Image Source: Gebbie and Huybers, 2019
A lack of long-term CO2→OHC correlation
It may be worth a closer look at the graph of global ocean heat content (OHC, 0 m-bottom) during the last 2,000 years from Gebbie and Huybers (2019).
Image Source (bottom graph, heavily annotated): Gebbie and Huybers, 2019
It is interesting to note the multiple centennial-scale warming and cooling trends during the last two millennia that exceed the rate and amplitude of the ocean heat changes that have occurred since 1950, or since atmospheric CO2 concentrations began rising dramatically.
For example, despite the very modest associated changes in atmospheric CO2 concentrations (< 5 ppm), it appears that both the 1850-1875 and 1925-1945 global warming periods in the 0-700 m layer exceeded the rate and amplitude of the heat content changes since 1950.
As the global oceans rapidly warmed and cooled in the centuries preceding modern times (i.e., the Medieval Warm Period and Little Ice Age), the corresponding CO2 concentrations were remarkably stable, neither rising with the warming or falling with the cooling.

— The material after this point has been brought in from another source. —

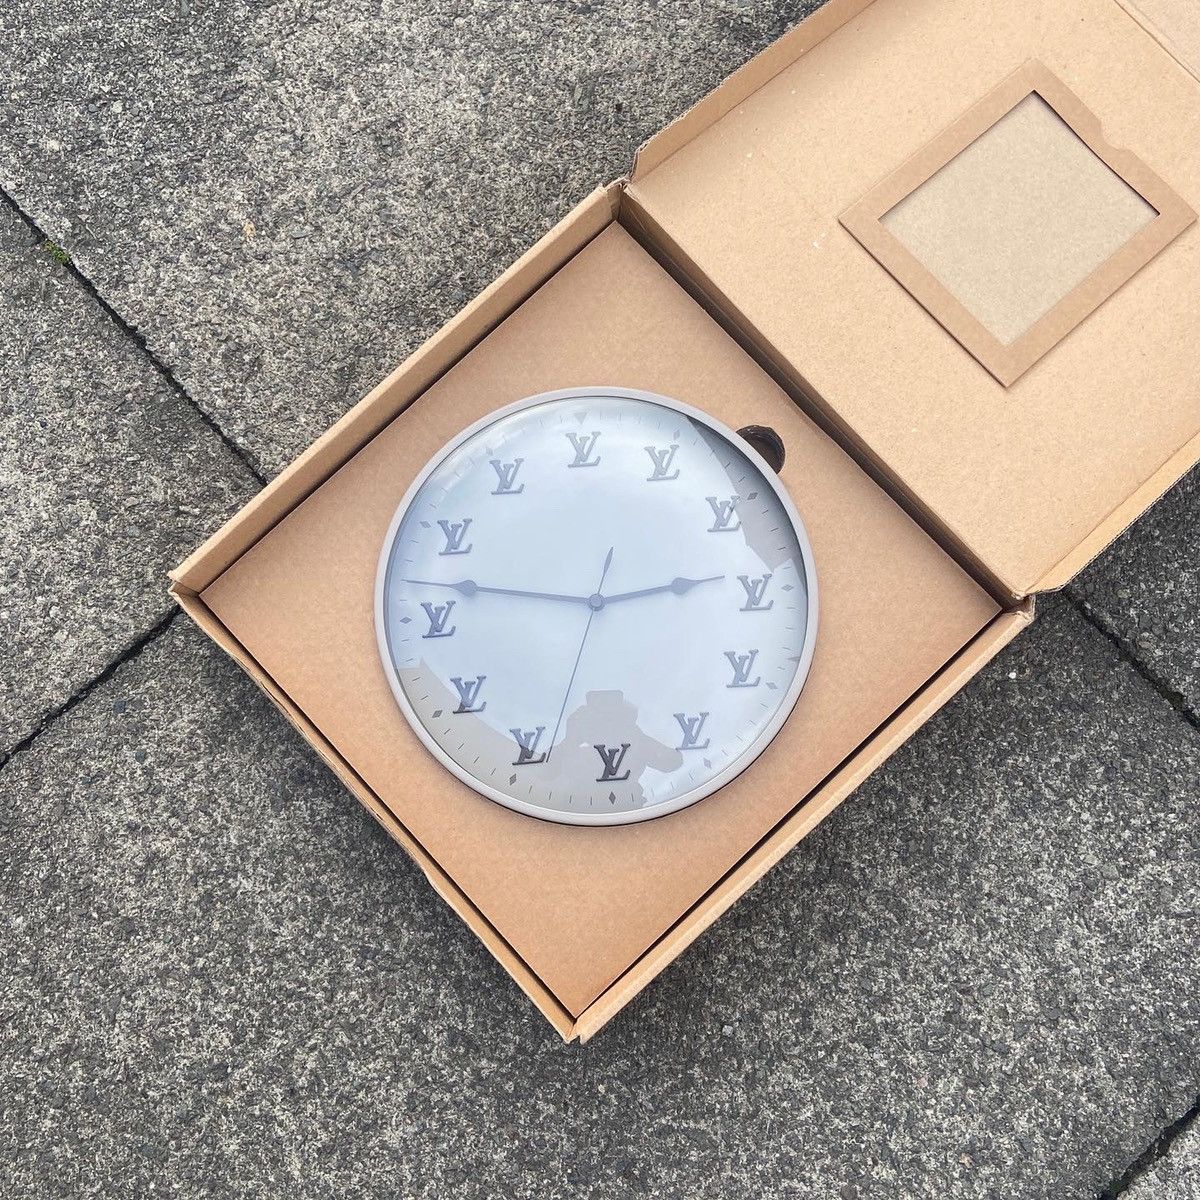 Louis Vuitton Clock Invite

Considering 93% of the Earth’s heat changes are expressed in the global ocean, and that just 1% of global warming is said to be reflected in surface air temperatures (IPCC, 2013), the lack of conspicuous correlation between ocean heat content and CO2 during the last 2,000 years would seem to undermine claims that atmospheric CO2 concentration changes drive zero-to-bottom global ocean warming.